I personally don't use it. How hard is it to pull down on the apps screen to refresh?

But if the iPad didn't run on a battery constantly, I'd surely use it.
 
I personally don't use it. How hard is it to pull down on the apps screen to refresh?

But if the iPad didn't run on a battery constantly, I'd surely use it.

I thought they update anyway when you reopen them.
 
What does this actually do? I tried it with a few apps for a few days then tried it without for a few days and saw no difference in practical use.

I see no practical reason either. When you open an app, it refreshes anyway as far as I can tell. Maybe it would work in conjunction with notifications but I haven't noticed. I have it turned off on my iPad Air but on on my iPad rMini. I don't see any difference.
 
I personally don't use it.
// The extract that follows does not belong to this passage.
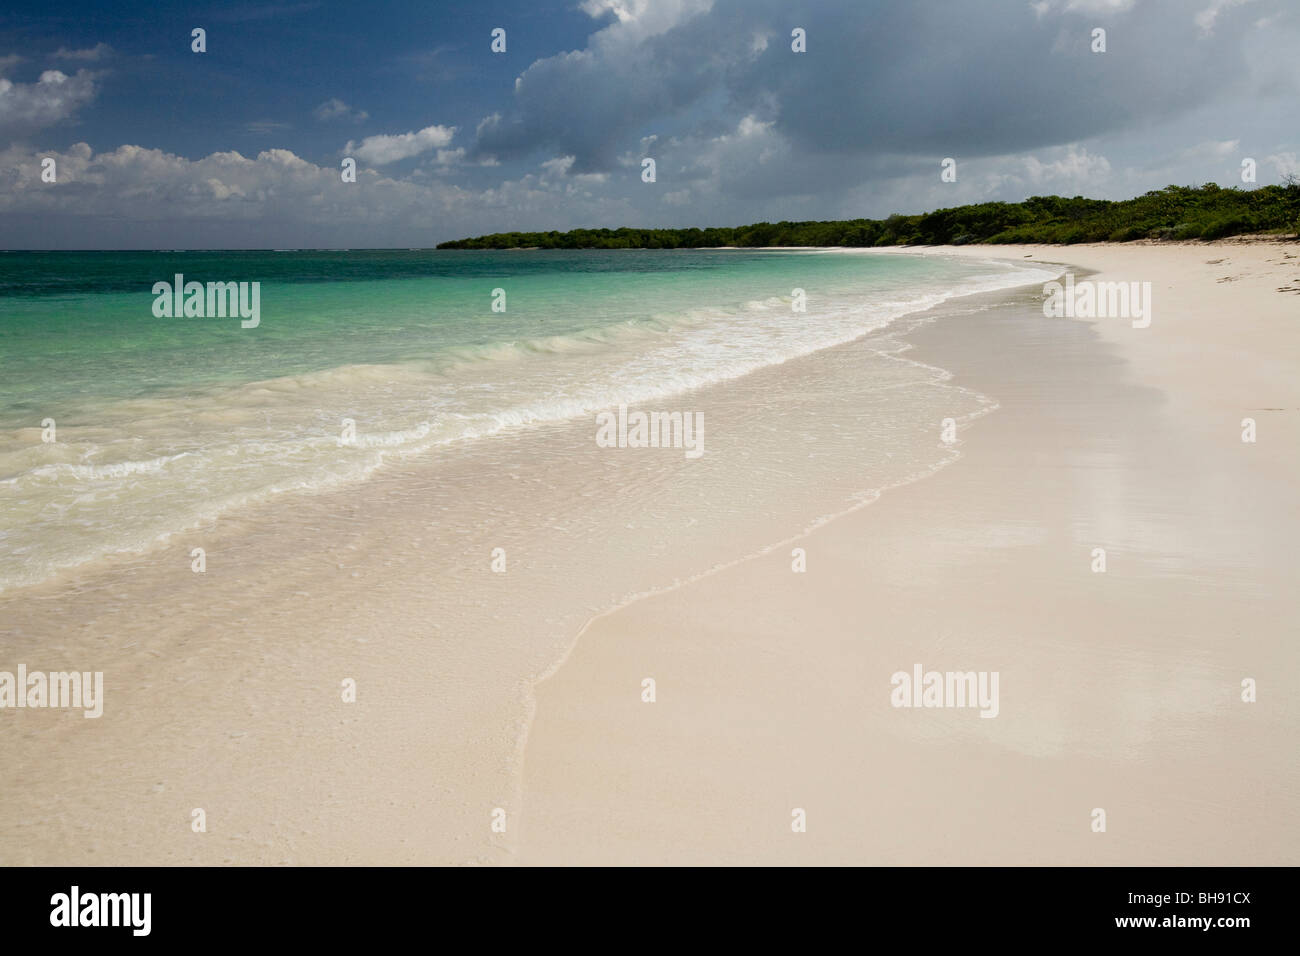 Beach of Santa Lucia, Santa Lucia, Caribbean Sea, Cuba Stock Photo
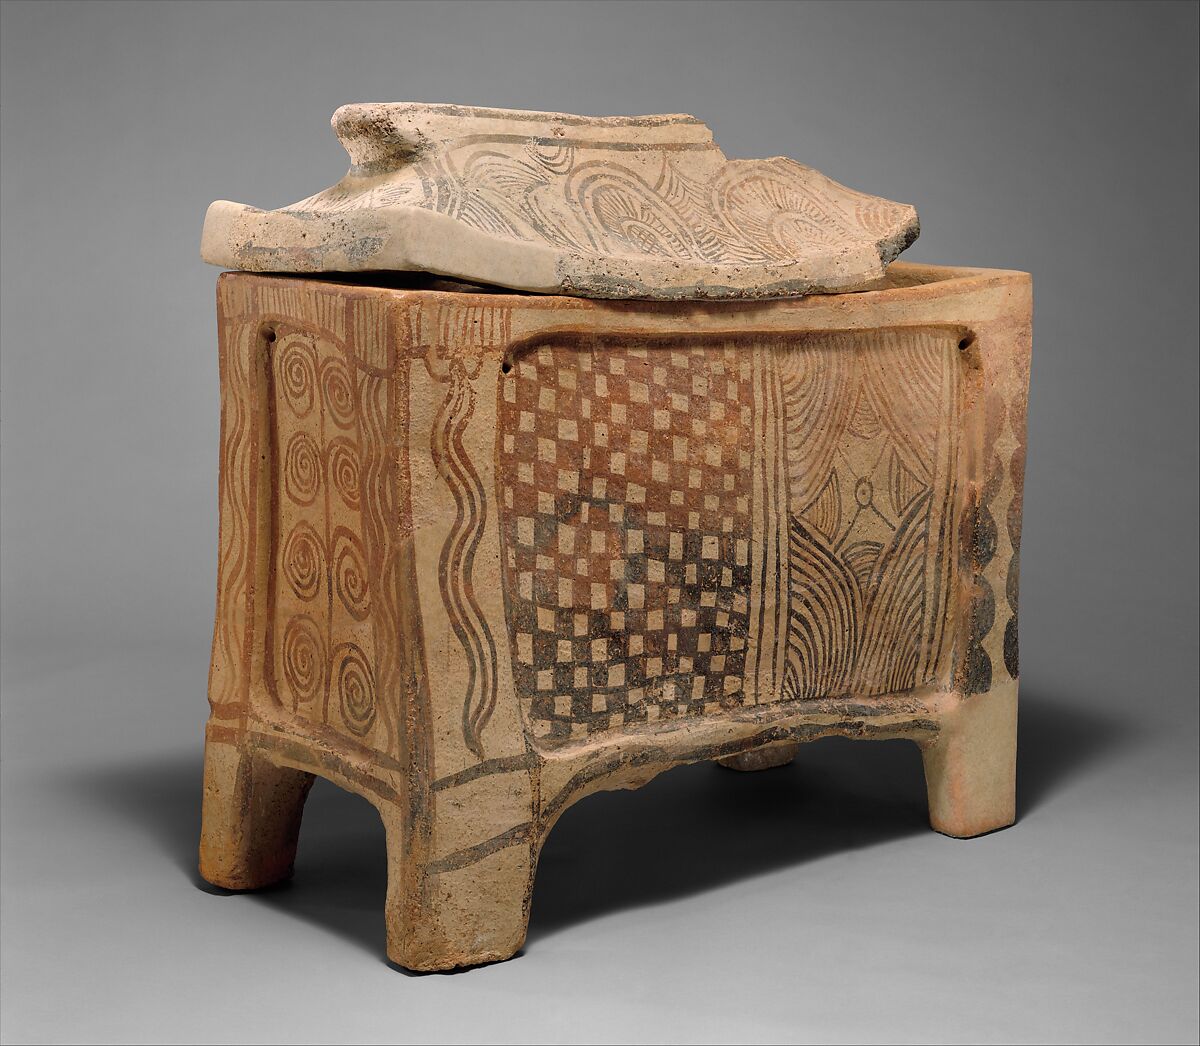 Terracotta larnax (chest-shaped coffin)

How hard is it to pull down on the apps screen to refresh?

But if the iPad didn't run on a battery constantly, I'd surely use it.

It usually means that the app will have the data loaded for you when you open the app, rather than have to wait those few seconds for it to pull in the data.

I agree that the benefit seems quite minimal. The only time it was handy was when I entered a place with no signal coverage. I opened tweetbot, and there were a few tweets that had been pre-downloaded a while back, so I was able to read those.

I haven't really noticed a significant battery drain, so I enable it for some of the apps i use more frequently. It does give the impression that your device is running slightly more snappy than it otherwise is though.